How to crack a Binary File Format
By Frans
Important notice
Please do not send me binary files and expect me to reverse engineer them
for you for free. Requests for cracking passwords, breaking some form of DRM
and other forms of illegal activities are deleted immediately by me. At the
moment, I am not available for reverse engineering projects.
|
Introduction
I often receive request from people to help them with cracking a particular
binary file format. It seems that many software vendors are not willing to
document the format of the binary files that they are using. Maybe there are
good reasons for this. Personally, I feel that users have the right to access
the information that is stored in the document that they manipulate with a
program that they are legally allowed to use.
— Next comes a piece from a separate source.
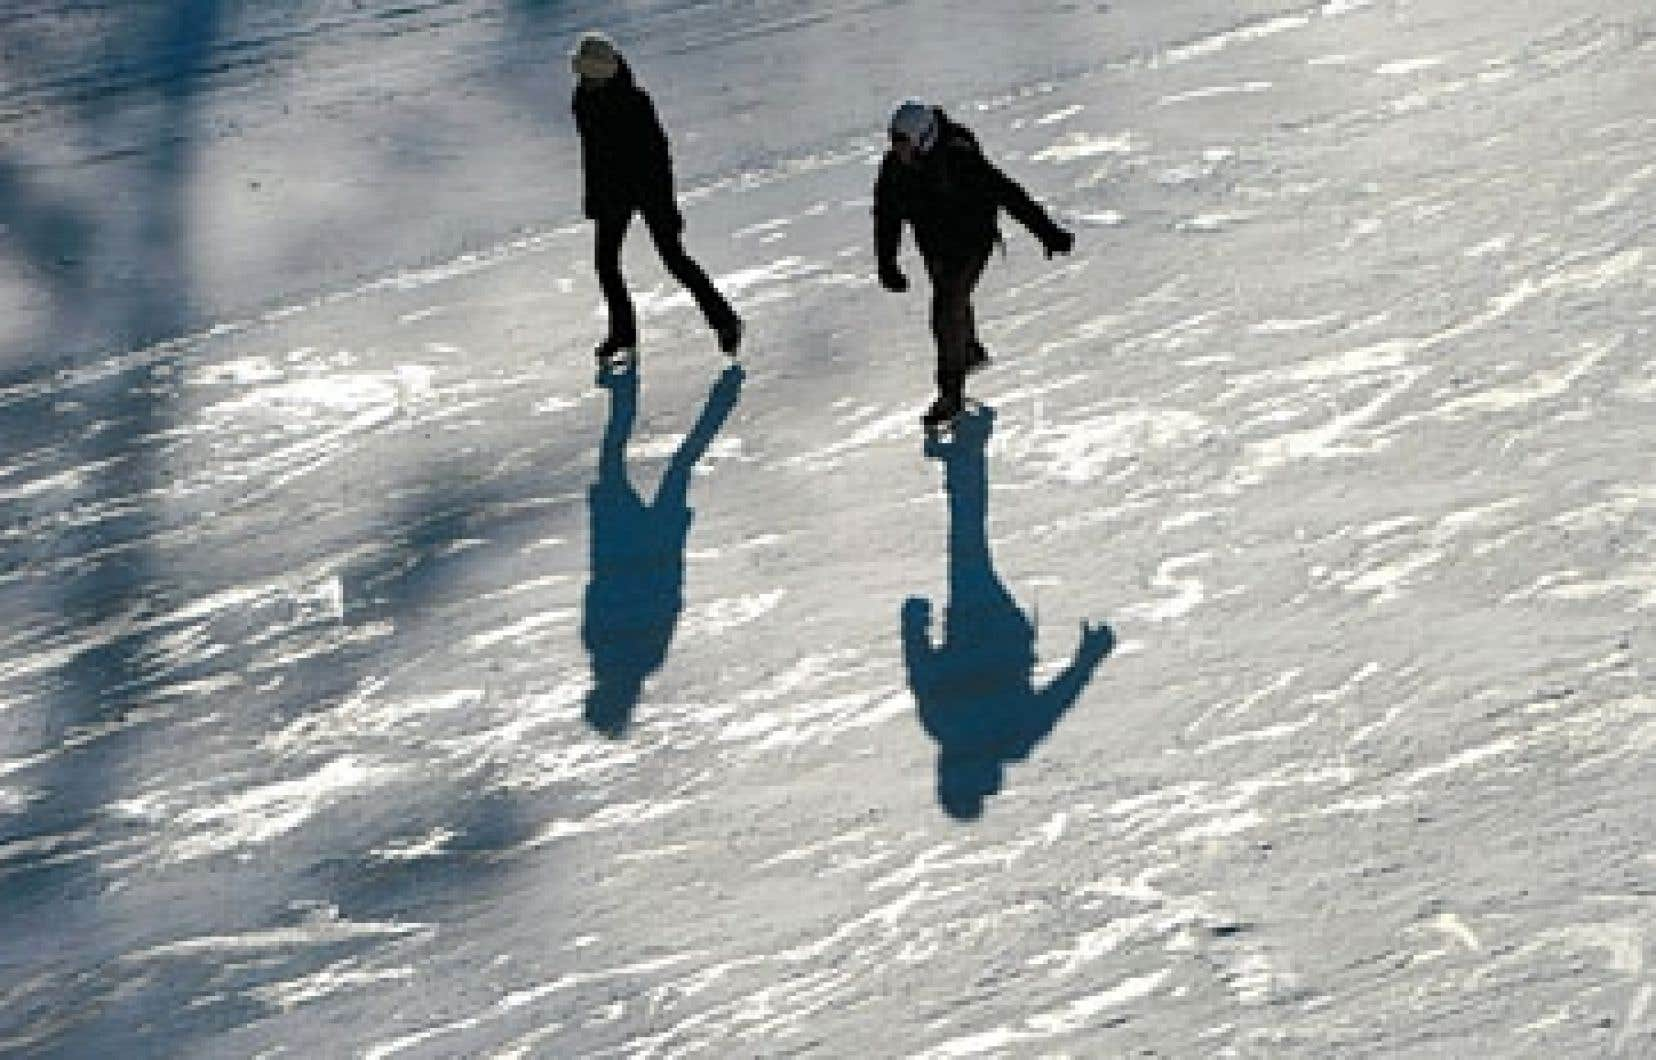 La vague de froid actuelle devrait durer pratiquement jusqu'à la mi-février.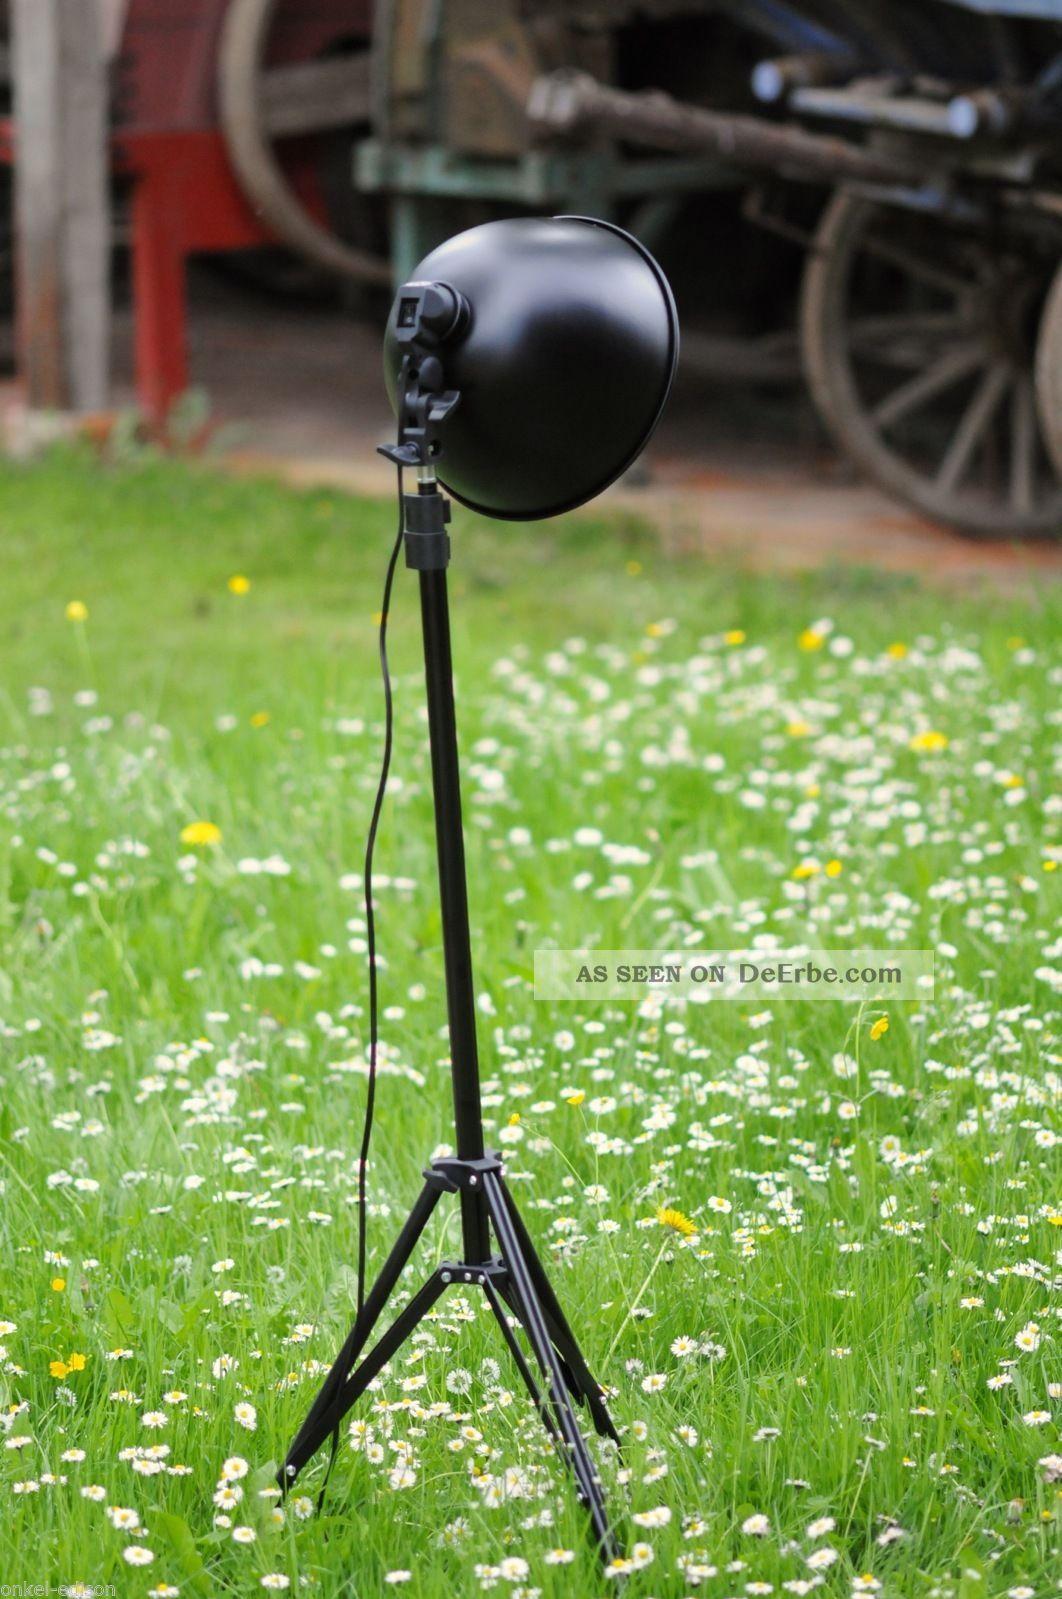 loft studio lampe tripod stehlampe industriedesign bauhaus stil bis 2 10 meter. Black Bedroom Furniture Sets. Home Design Ideas

That is why I do not consider
reverse engineering of a binary file format as an illegal act (opposite to
what the use of the verb "cracking" is suggesting). But it might still be
illegal according to the law, depending on where you live, your contract
status and/or user agreement you have agreed with. I am not a legal expect
and not in the position to give advice on legal matters. For some more
information see: EEFs: Coders' Rights Project Reverse Engineering FAQ.
The most likely reason why people ask me for help is because I already have
reversed engineerd some binary file formats. So far, I have worked on:
Although, cracking a binary file format can be very rewarding, like a form of
mental mountain climbing, there are also some basic skills that are absolutely
neccessary, if you ever want to succeed. These are (in order of importance):
- A good reason why you want to crack the format at all.
- A lot of time.
- A lot of preseverence.
- A lot of creativity.
- Willingness to do repeative tasks for hours and hours.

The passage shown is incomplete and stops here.